Seven years after my first visit in 2014, I came back to the small and beautiful island of Ventotene not far from the Gulf of Naples, last 29 August, on the 80th anniversary of the publication of the appeal “For a Free and United Europe. A Draft Manifesto”. Several personalities also attended, including President Mattarella of the Italian Republic, and Guy Verhofstadt, Co-Chair of the Conference on the Future of Europe.
The Ventotene Manifesto, as it became known later on, was written in 1941, shortly before the Nazi invasion of the Soviet Union, when Hitler controlled practically all of Europe. Its authors were Altiero Spinelli (former communist) and Ernesto Rossi (radical). Eugenio Colorni, a socialist, served as editor and wrote a prologue. All of them were exiled in the island for their opposition to fascism. Spinelli and Rossi, in their discussions with Colorni, and his wife, Ursula Hirschmann, a German Social Democratic Jew, were preoccupied about the belief in the absolute sovereignty of nation-states, which they considered the main cause of the wars in Europe, a trend exacerbated by totalitarianism, antisemitism, and racism. They developed a new vision based on the idea of shared sovereignty: that of a Europe united by a customs-free common market, a currency, and freedom of movement for workers. They also called for a political union endowed with its own foreign policy and armed forces.

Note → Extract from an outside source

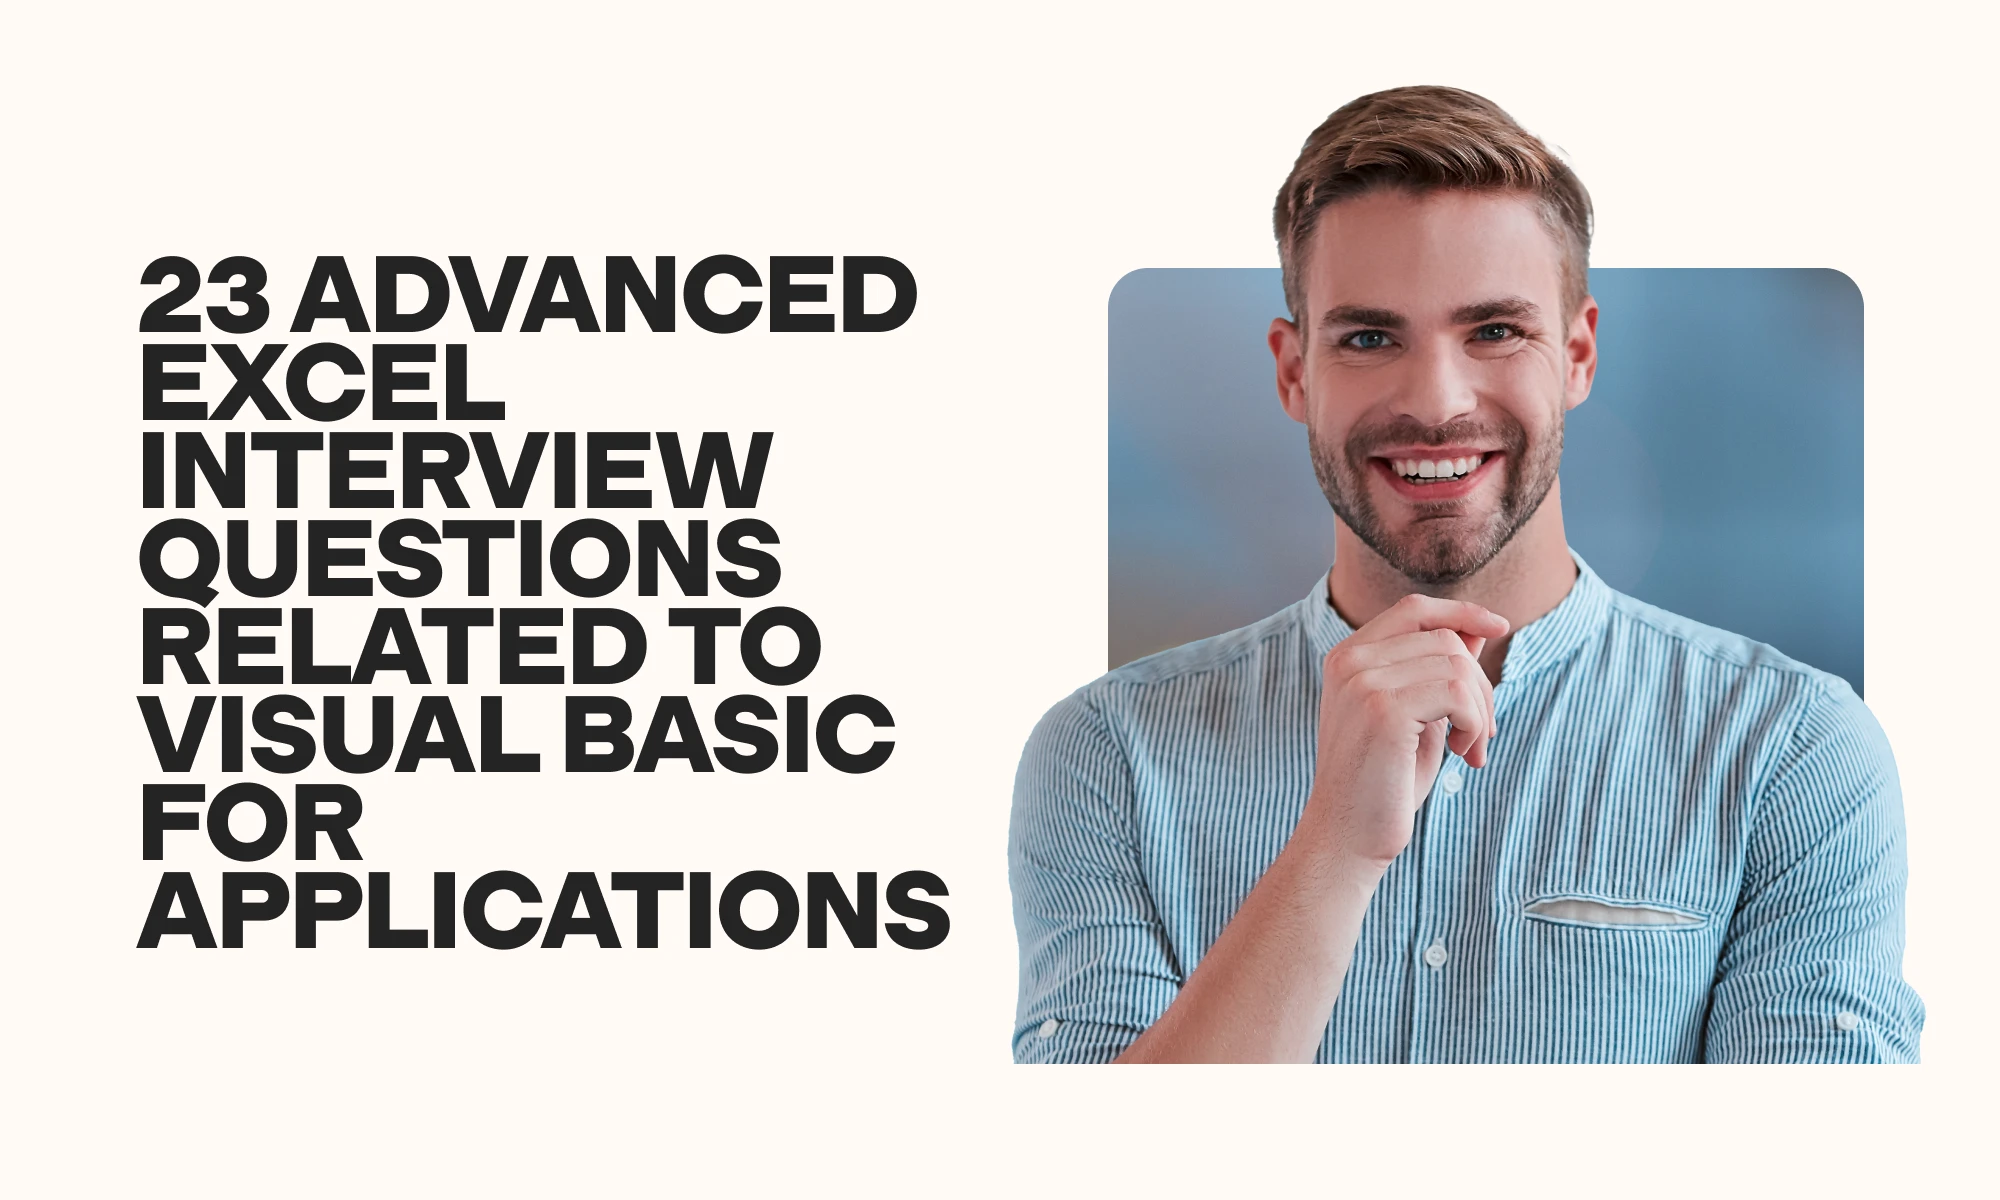 image showing advanced Excel interview questions related to Visual Basic for Applications

The Manifesto spread like wildfire through all the circles of the European resistance. This resulted in the founding of the movements for a European federation in several countries, the decisive Hague Congress of 1948. It resulted ultimately in the Schuman Declaration of 1950, which proposed the European Coal and Steel Community, the first step on our integration process, based on the supranational principle. Later on, in a career that included being Commissioner and Member of the European Parliament, Spinelli promoted the Treaty of the European Union of 1984, which was approved by the European Parliament. Originally rejected by the Council, it became a major influence in the writing of the Maastricht Treaty of 1992 that launched the monetary union and created the foreign and security pillar, of intergovernmental nature.

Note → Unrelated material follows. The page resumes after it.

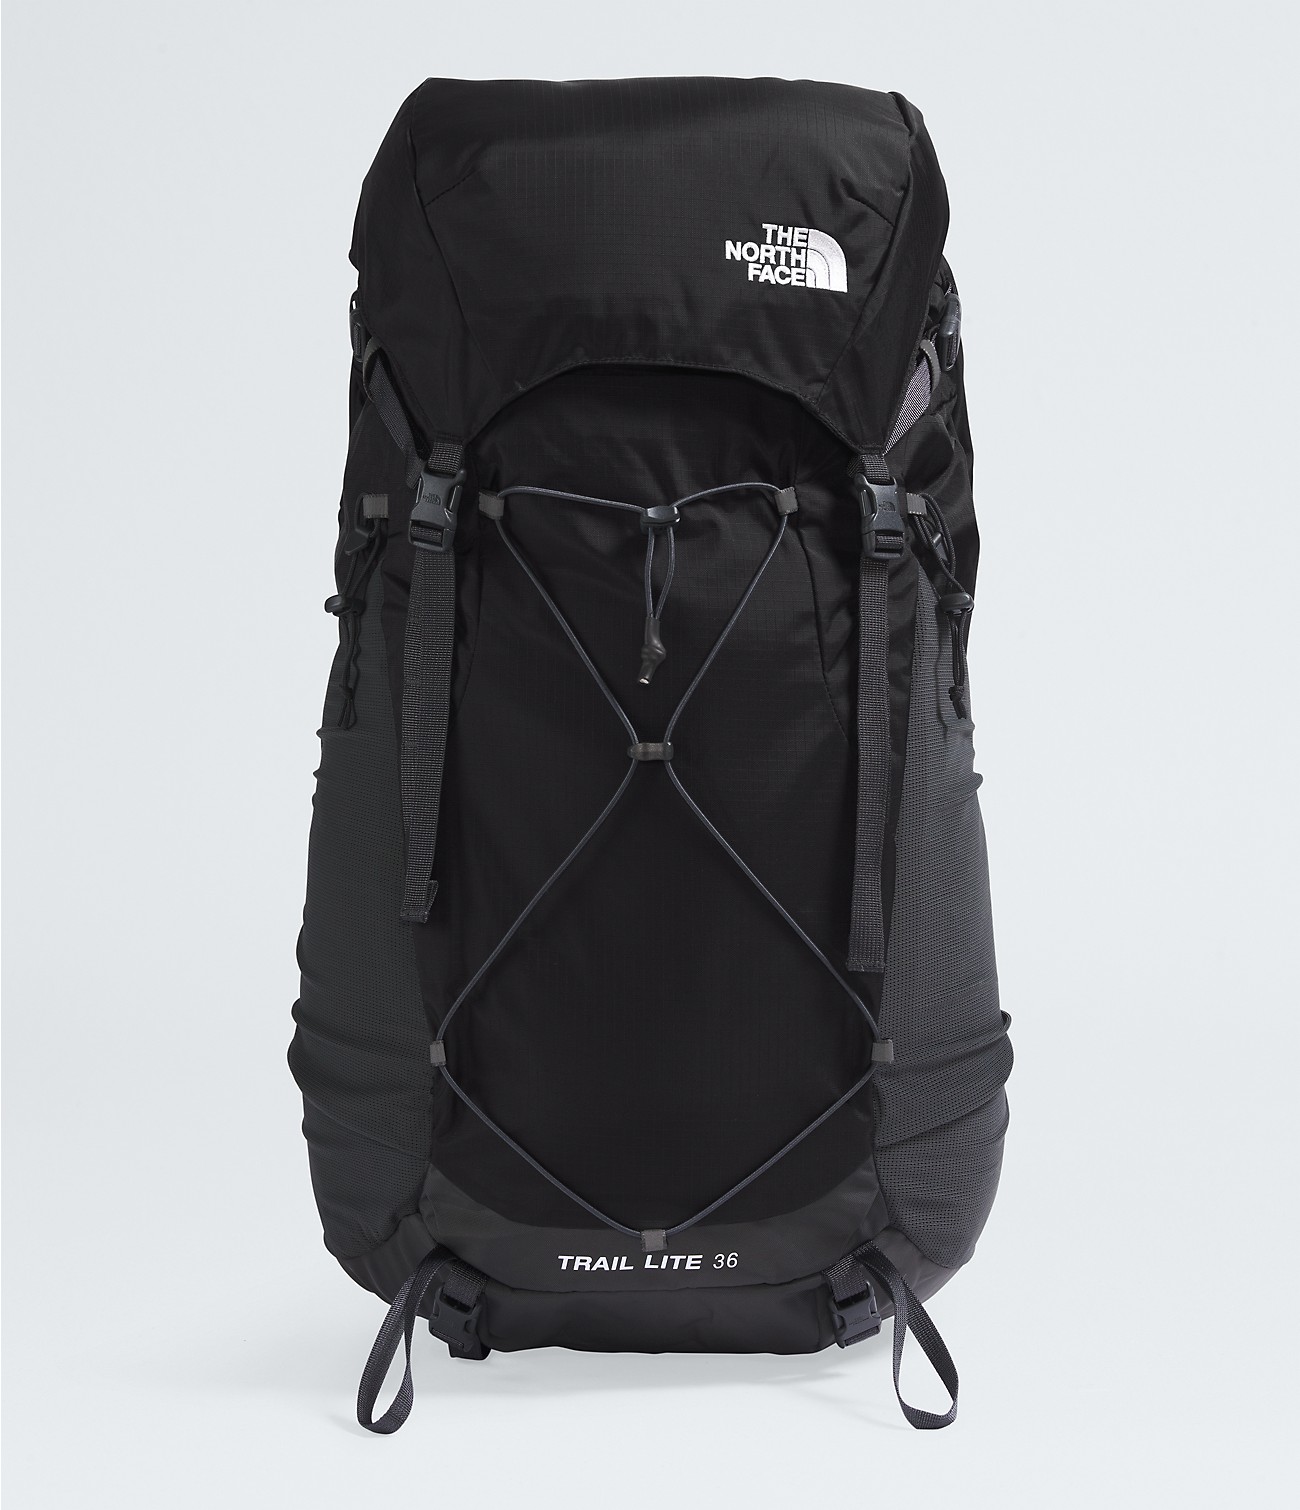 Trail Lite 36 Backpack | The North Face

When we re-read the Manifesto 80 years after, it is clear that the authors were right: the pooling of sovereignty that Europeans have put in place for the last seven decades has indeed provided the longest period of peace and prosperity in Europe. Furthermore, some of their proposals have become a reality over time, like the internal market and its four fundamental freedoms, and the Euro. Other dimensions of the Ventotene Manifesto are still a work in progress, like a more robust EU foreign policy and a Defence Union.
Indeed, anniversaries should not constitute a mere moment of commemoration or remembrance, but also be occasions to take stock of a historical program and its development, and to update and project a cultural legacy and a political vision into the future.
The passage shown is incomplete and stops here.